Nobody spoke for a long moment. Astrid wasn't sure she believed any of that, but it was certainly simple, and even if it was false, it was a good thing to think about. She was pretty sure there was a lesson in there about greed, though it would take someone more eloquent than her to express that message any clearer than the story had.

"That is the story we pass on," the Zippleback concluded, unwinding its heads and speaking in a more conversational tone. "It is certainly a nice one. If it all really happened, then one must conclude that of those not gifted with Solar flame, only the Flightless have survived this long."

"Or," the left head suggested, "they have it, but cannot ever use it because they create flame outside of their bodies. So it is dormant until they have a body that can use it, such as in your case, female Bolt."

"That would explain why Flightless turned to flames have it," the right head agreed. "Also supporting that theory is the fact that if a Flicker with no Solar fire is changed to another kind of flame, they will not regain their Solar fire in the process."

Astrid nodded quietly.

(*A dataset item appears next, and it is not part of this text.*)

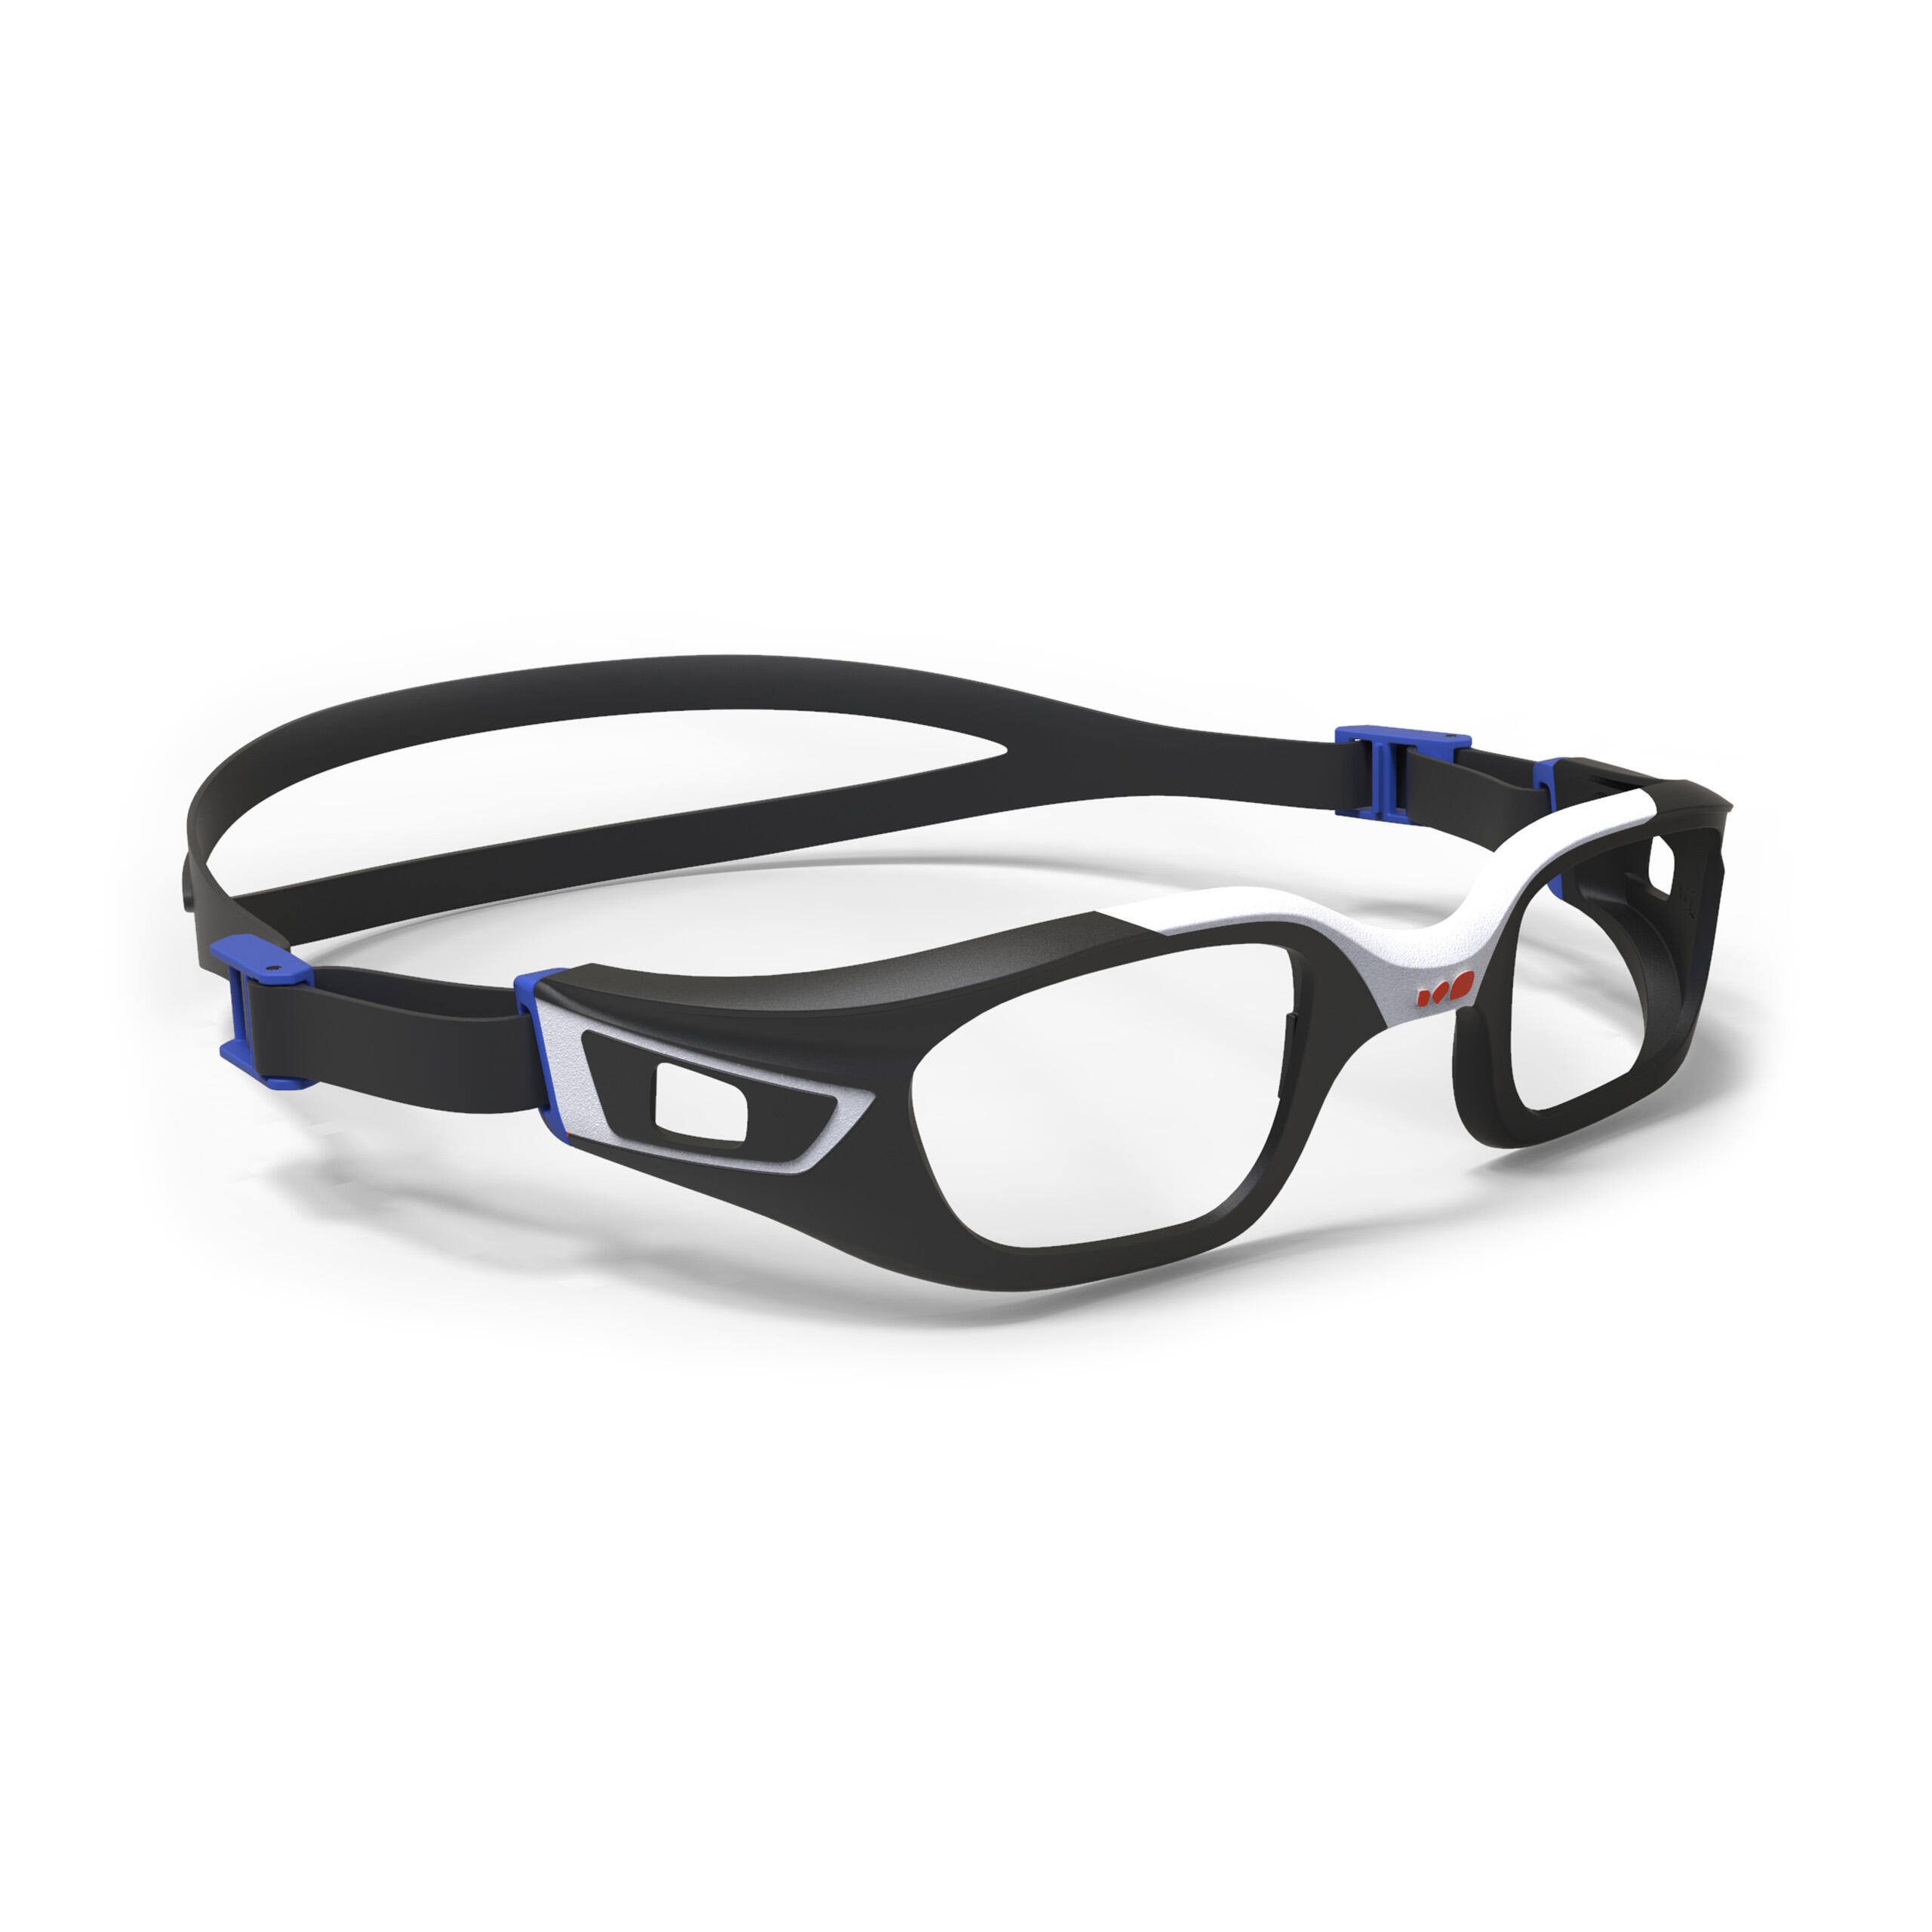 Ramă ochelari Înot Selfit Lentile Corectoare Mărimea L Negru-Alb La Oferta Online decathlon imagine La Oferta Online

She needed some air; stories were all well and good, but she wanted to clear her head for a brief while. Flying would be nice. "Thank you for telling me all of that. It was interesting."

"We see you are done here, but feel free to ask us more at any time," the Zippleback offered. "Gathering, learning, and passing on what we know is our reason for existing."

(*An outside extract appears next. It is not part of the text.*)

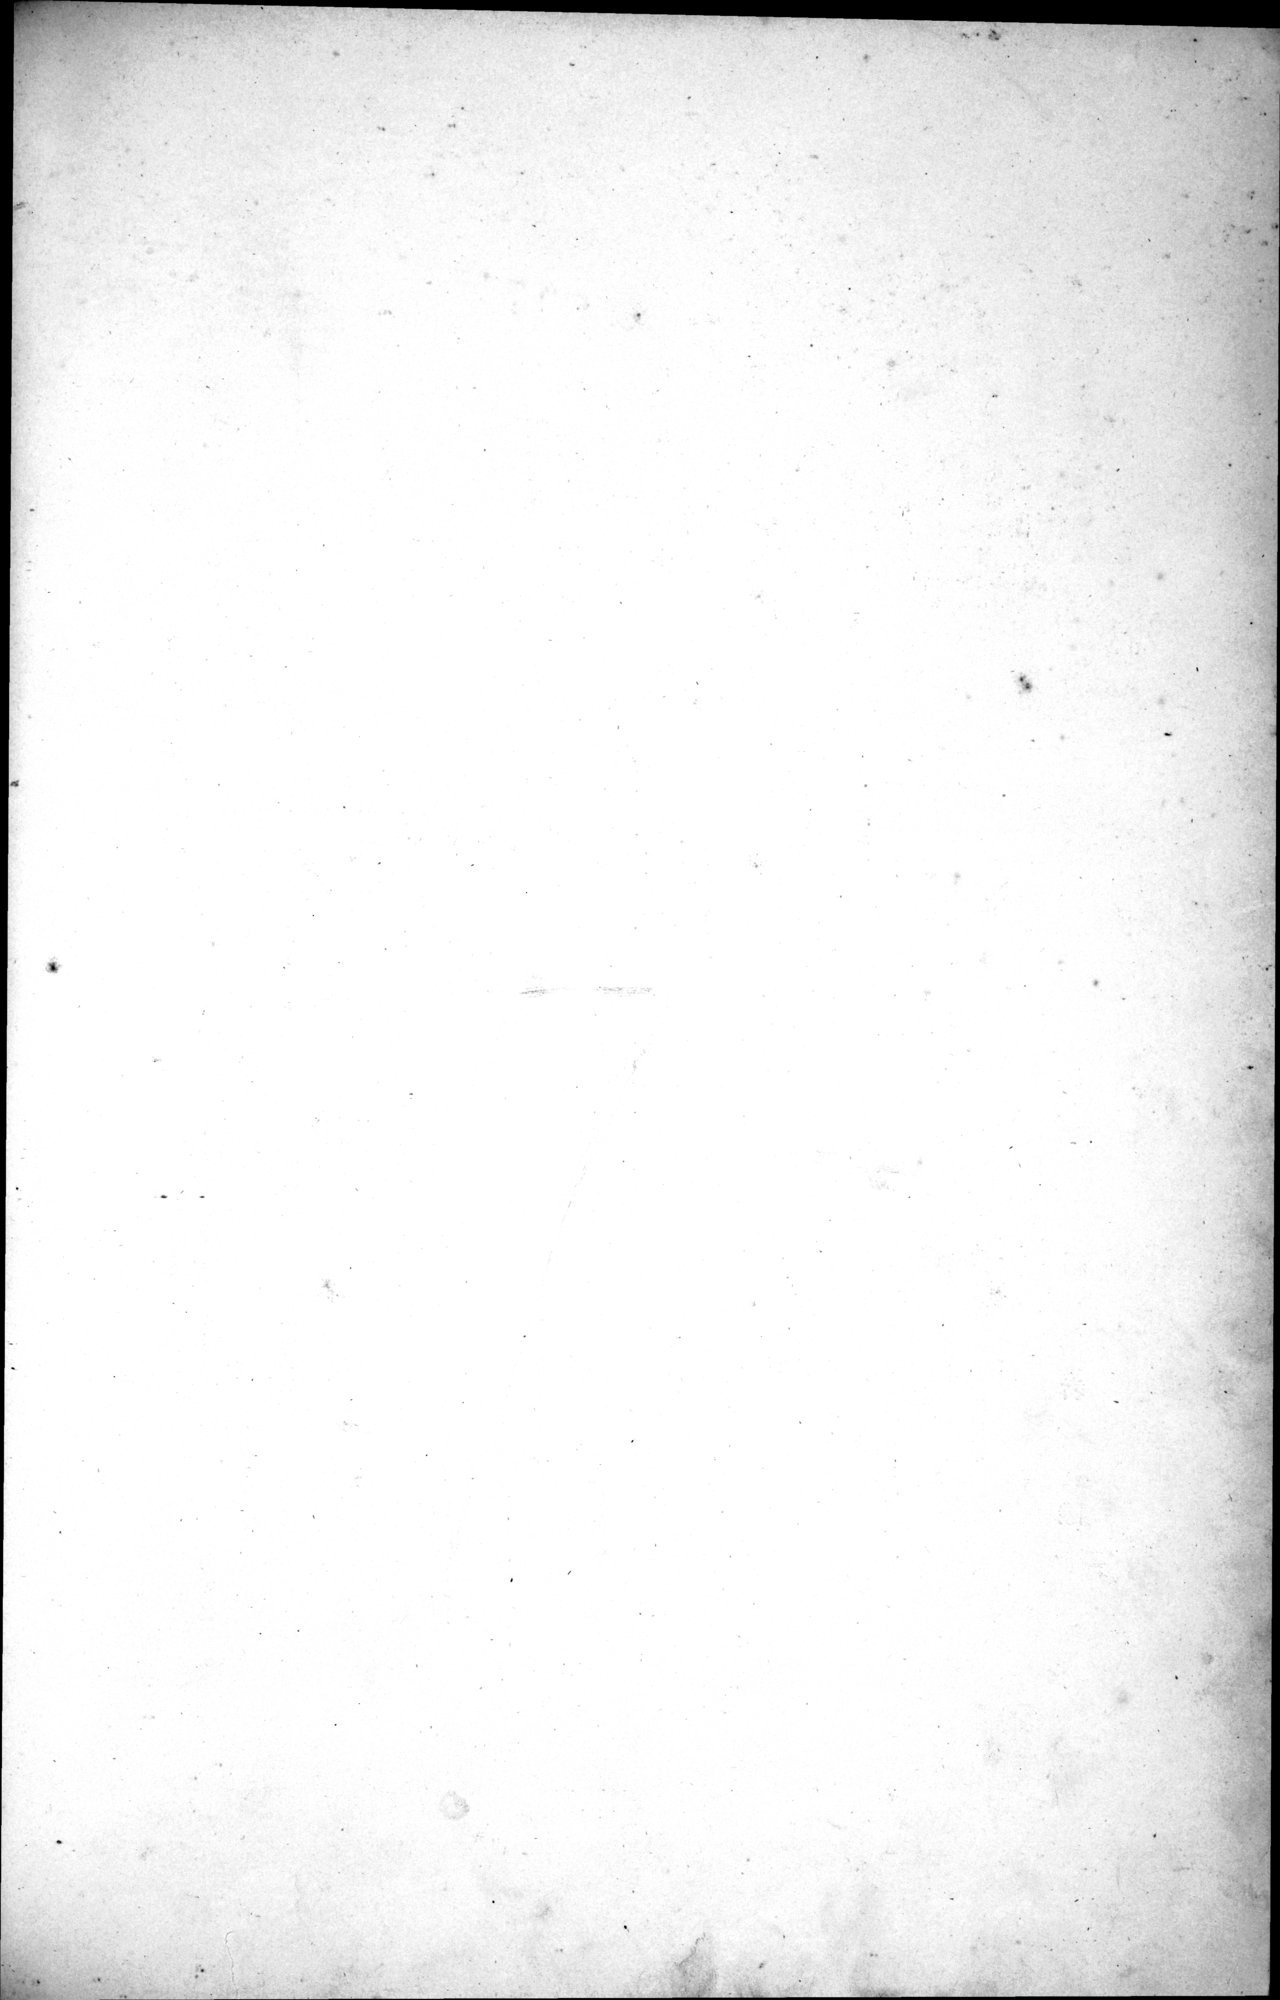 西域考古図譜 : vol.1 / Page 14 (Grayscale High Resolution Image)

That was pretty blunt. "You don't have anything else to do?" she asked.

"We are not easy to get along with," he admitted. "No female can stand us for very long. So we have no mate, no offspring, and no family. But we do not mind all that much. Learning and teaching in turn is enough for us, and we say that truthfully."

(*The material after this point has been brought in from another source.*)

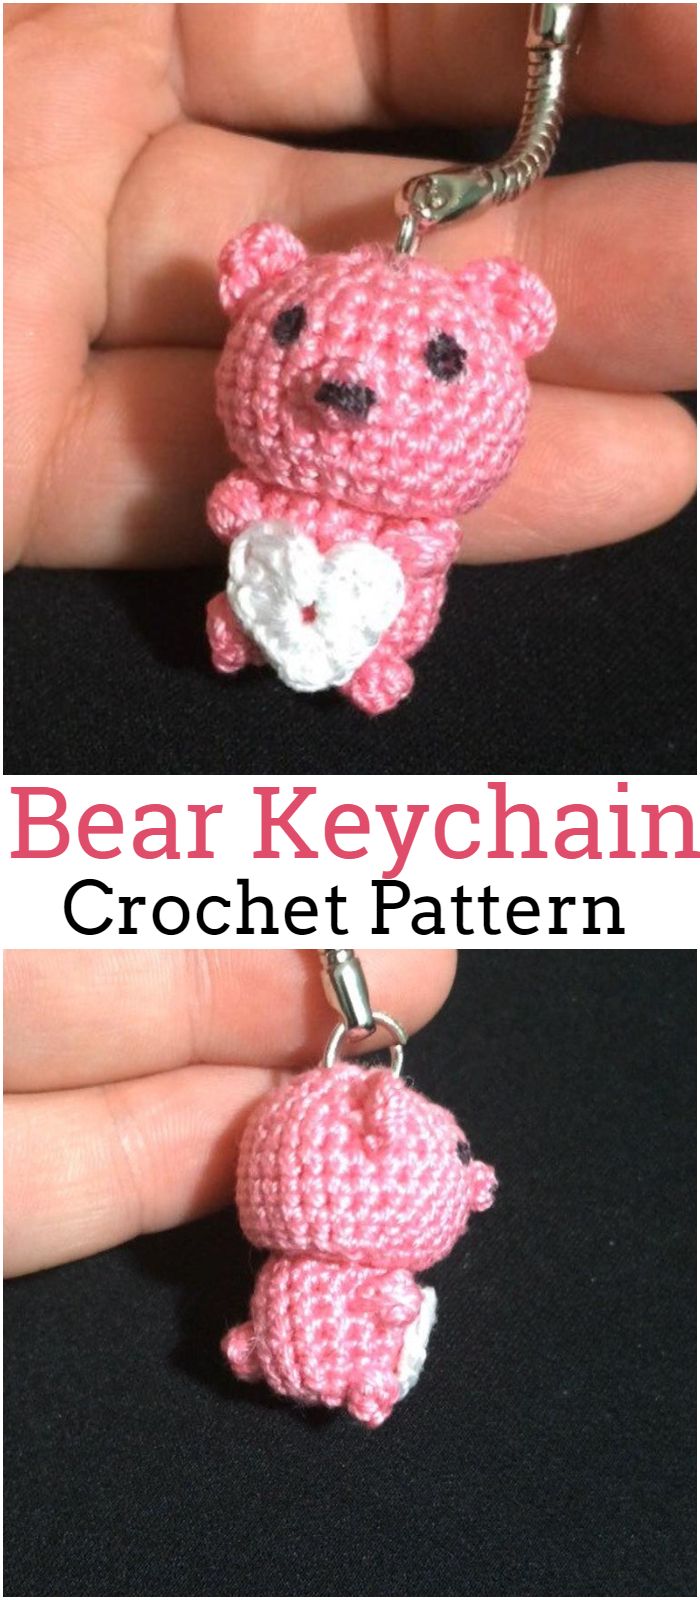 Bear Keychain crochet pattern

Truthfully... "Do Inferna's commands ever wear off?" she asked, remembering one command in particular.

"No," the Zippleback said solemnly.

"So... you're still stuck telling nothing but the truth?" Astrid asked. She didn't remember Inferna ever removing that command.

"Are we?" The Zippleback shrugged. "Yes, but we never lie anyway. Of all her commands, that one is easiest to follow."

That was interesting, another brick laid in the groundwork of her understanding... But Astrid could feel herself losing patience for small talk in a cave when she could be out in the open. "I must go now." She left with a polite nod to both the Zippleback and the Terror, and made her way back to the exit. Before she could even ask, the same Terrors from before shoved the rock aside in yet another demonstration of both strength and leverage.

Moments later, she was in the air. Her tired wings precluded a relaxing flight, but she could go to the Night Fury and refill his conch shell, at least. She had a lot to think about.

Author's Note: So, a chapter on Terrible Terrors, secret societies, and origin myths. Where am I going with all of this beyond just worldbuilding? Wait and see. Also, that's the first origin myth I've ever created for any story of mine; most of my stories are set in circumstances where there's no need for them. I quite enjoyed trying my hand at it, actually.